Nests are positioned close to a lake or different open water, in an area with good visibility. Both parents assist construct the nest, which is a big, low mound of plant materials with depression in the center.

The pair could reuse the nest from year to year. The feminine incubates the 4 to five eggs for a few months, with the male aiding.

After the eggs hatch, each parent has a tendency the younger, main them to sources of meals the place the younger feed themselves. They first fly at 2 to three months however stick with the parents not less than by way of the first winter.

The tundra swans mate within the late spring, normally after they’ve returned to the nesting grounds; as traditional for swans, they pair monogamously till one partner dies.

Should one partner die long before the opposite, the surviving bird typically won’t mate once more for some years, and even for its whole life. The nesting season begins at the end of May.

The pair construct the massive mound-shaped nest from plant materials at an elevated site close to open water and defend a big territory around it.

Tundra Swan

The pen (feminine) lays and incubates a clutch of two–7 (normally 3–5) eggs, looking ahead to hazard whereas sitting on the nest. The cob (male) retains a gradual lookout for potential predators heading in direction of his mate and offspring.

When both of them spot a menace, they offer a warning sound to let their partner know that hazard is approaching[citation needed]. Sometimes the cob will use his wings to run quicker and seem bigger with the intention to scare away a predator.

The time from laying to hatching is 29–30 days for Bewick’s swan and 30–32 days for the whistling swan. Since they nest in chilly areas, tundra swan cygnets develop quicker than these of swans breeding in hotter climates; these of whistling swan takes about 60–75 days to fledge—

twice as quick as these of the mute swan for instance—whereas these of Bewick’s swan, about which little breeding knowledge is understood, could fledge a record 40–45 days after hatching already.

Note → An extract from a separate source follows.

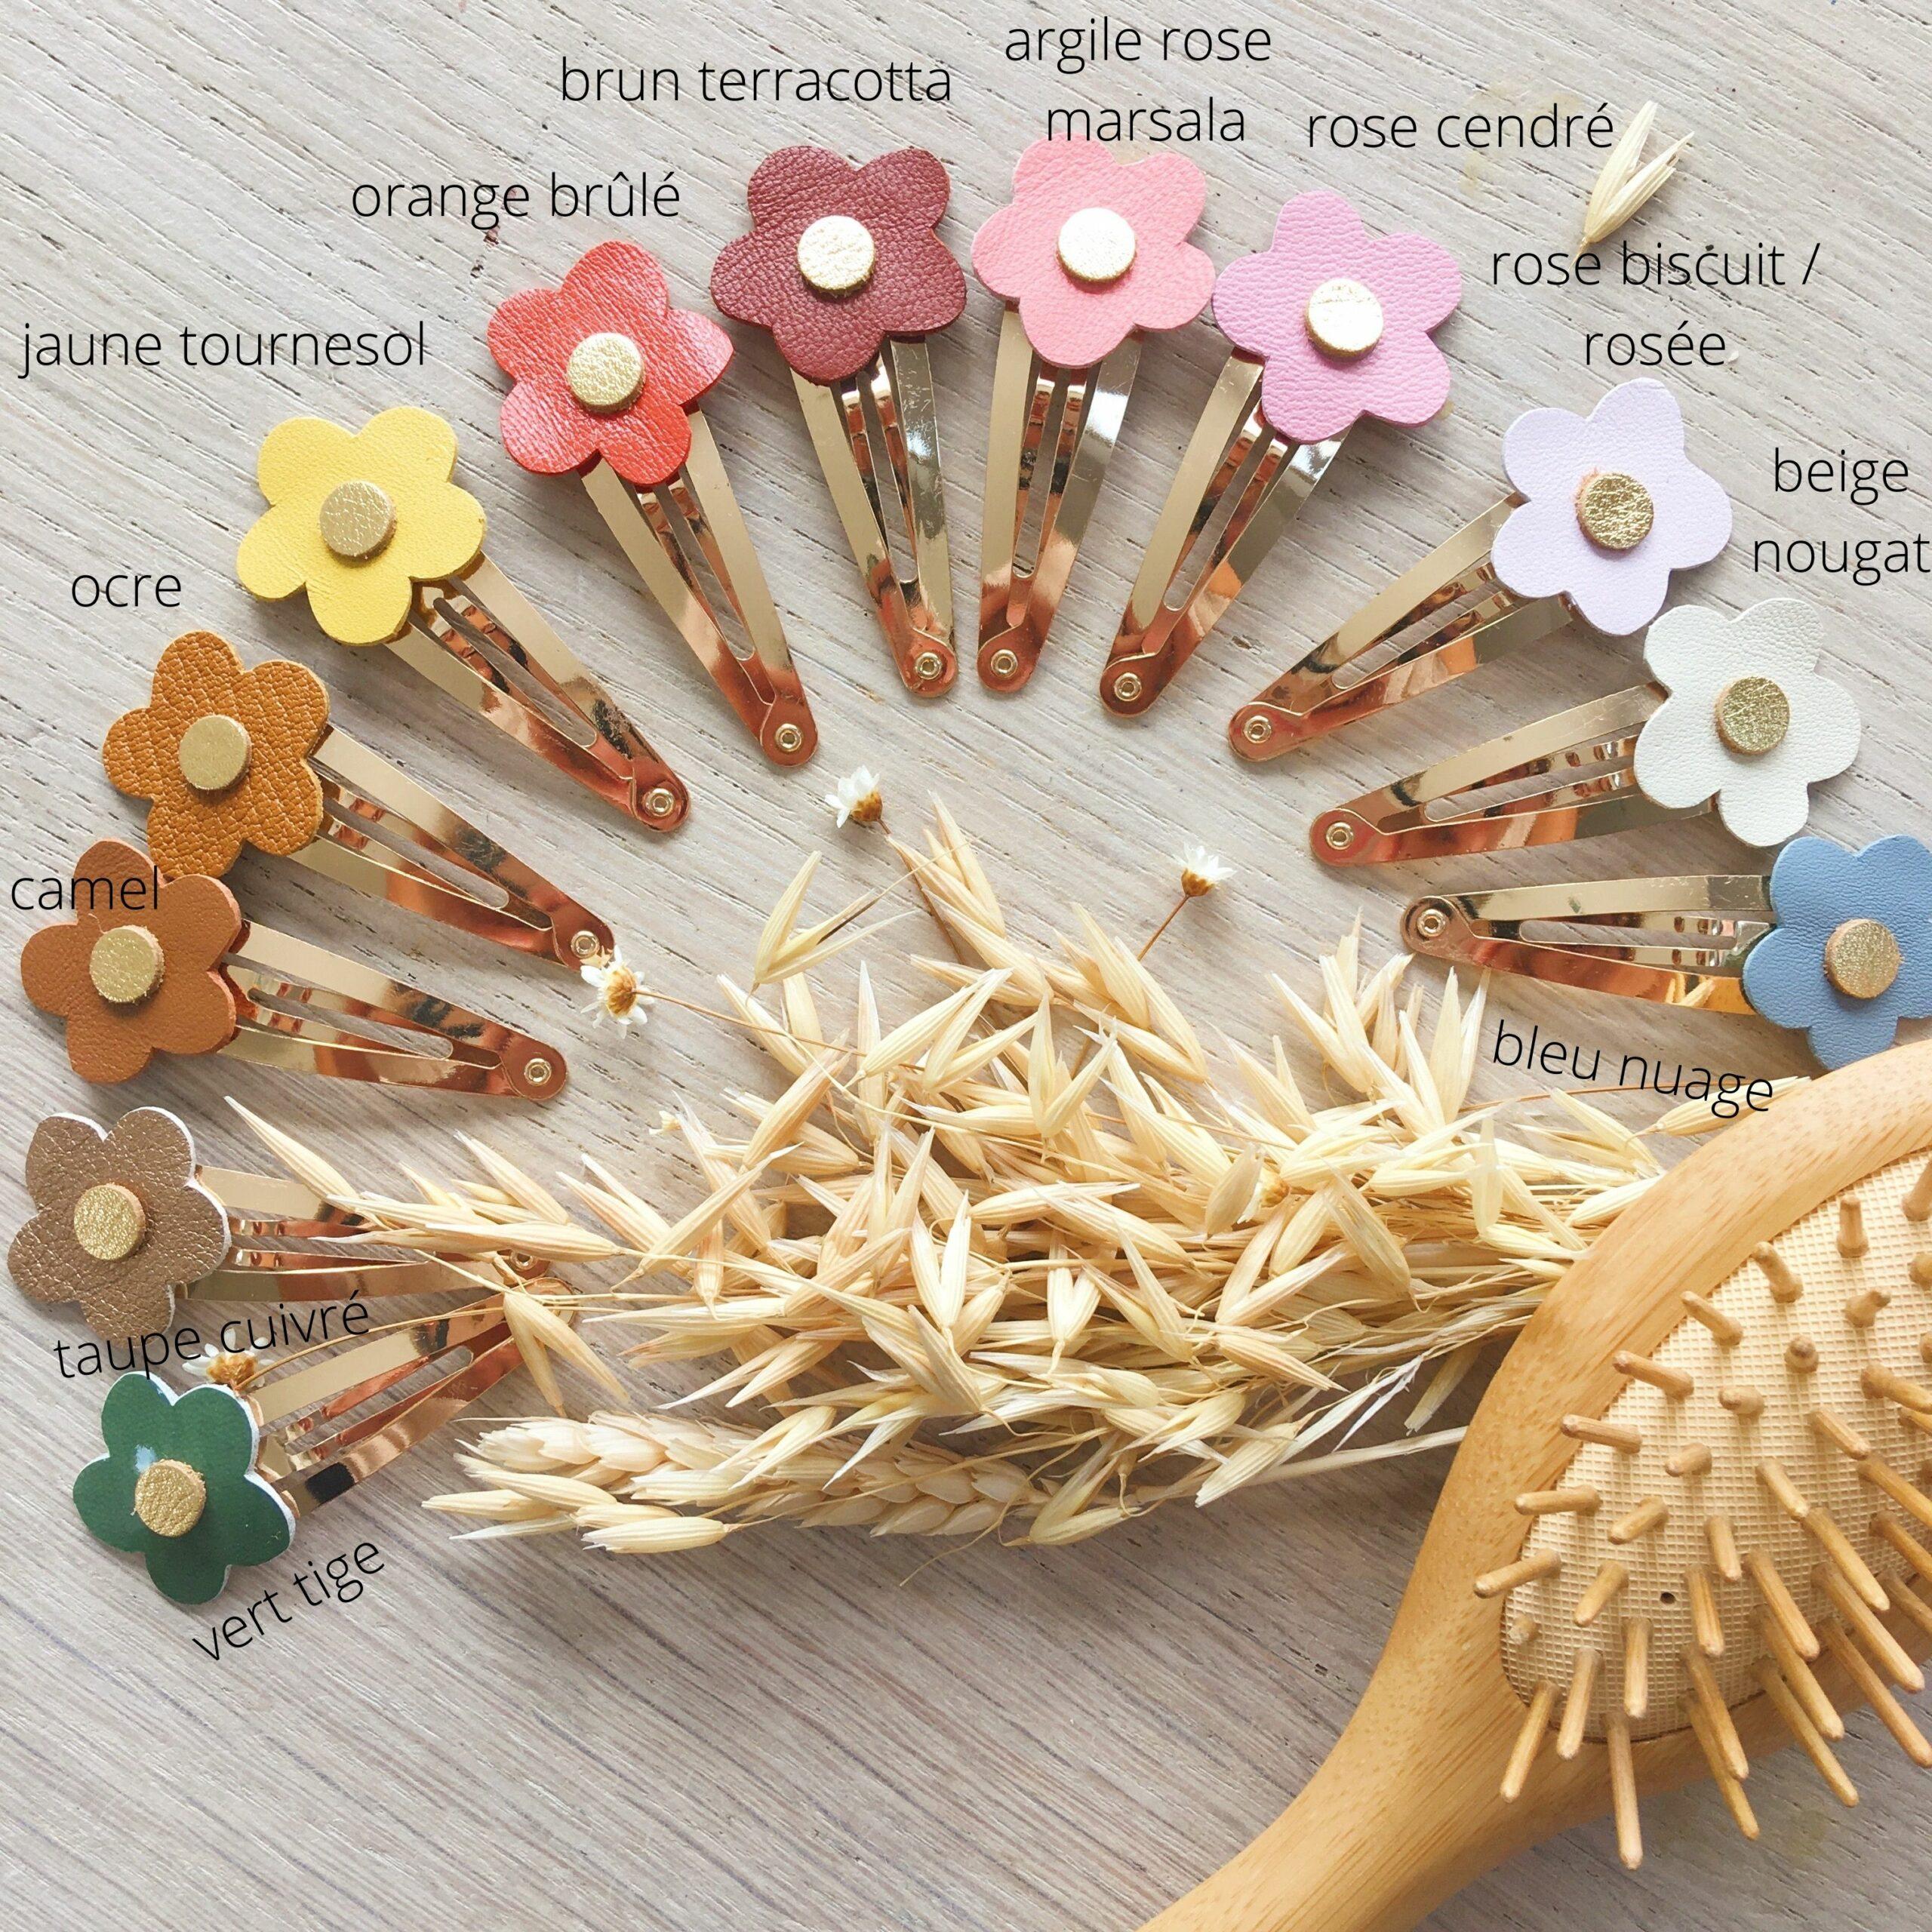 barrettes fleurettes florales fabrication artisanale française en cuir - du vent dans mes valises-2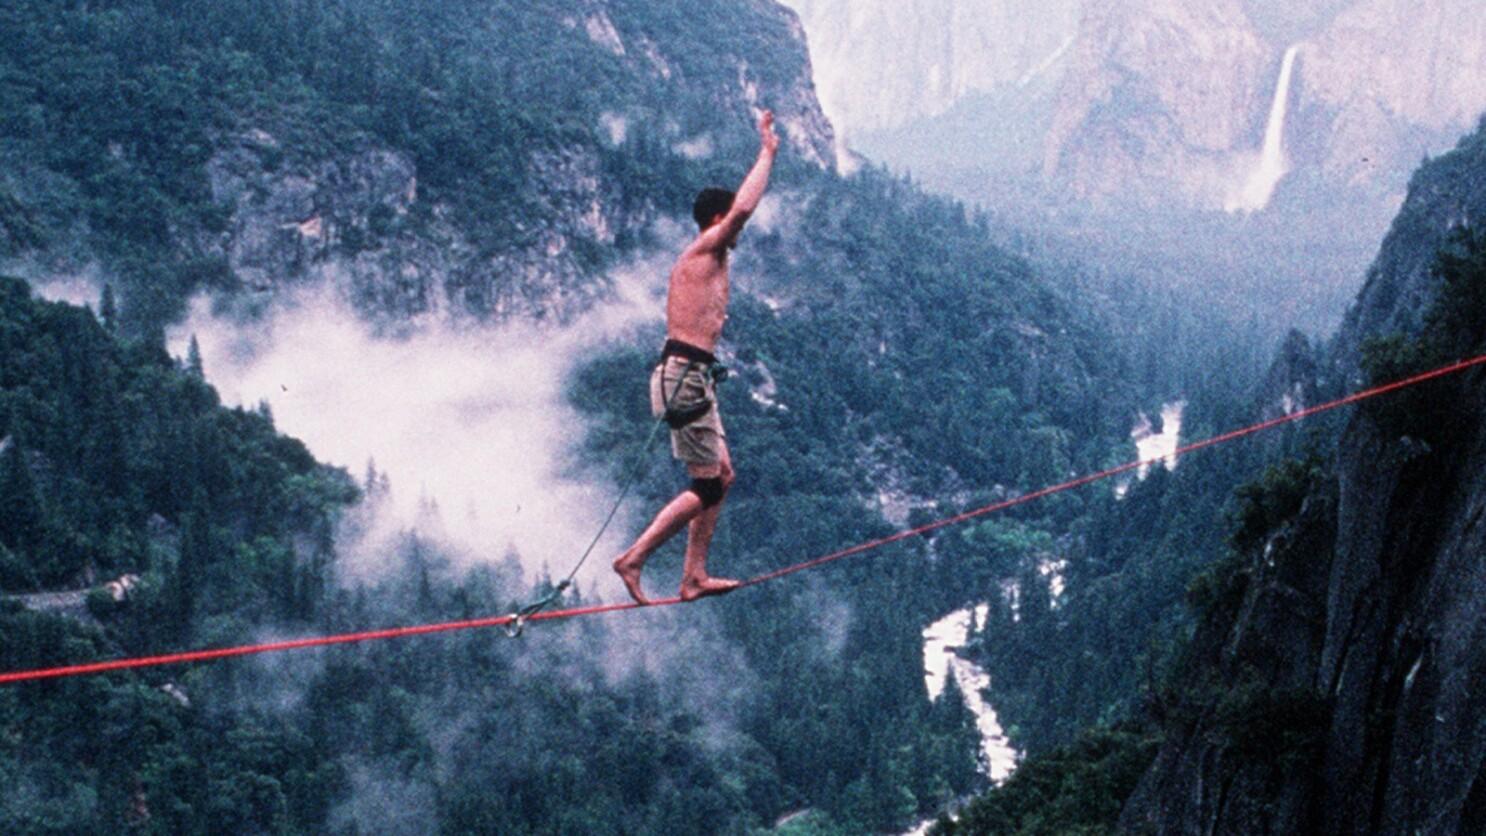 Death rock climber Famed rock

The fledglings stick with their parents for the first winter migration. The family is usually even joined by their offspring from earlier breeding seasons whereas on the wintering grounds; Tundra swans don’t attain sexual maturity till 3 or 4 years of age.

Tundra Swan


Tundra Swans migrate long distances in family teams. They depart the nesting area in late summer and stage in close-by estuaries before heading to the wintering grounds in mid-fall. In the spring, the birds make shorter flights with more stopovers than within the fall.

Tundra Swan Conservation

The most quite a few and widespread of the North American swans, the Tundra Swan is much less affected by human settlement than the bigger Trumpeter Swan.

Destruction of wetlands within the winter range has diminished former meal sources, however, the Tundra Swan has tailored by shifting its winter habitat to agricultural fields.

Lead poisoning has long been an issue for this species as a result of ingesting only some lead pellets can kill a swan. This normally impacts only some birds, however giant die-offs have occurred. The population seems stable. Limited looking happens in some western states.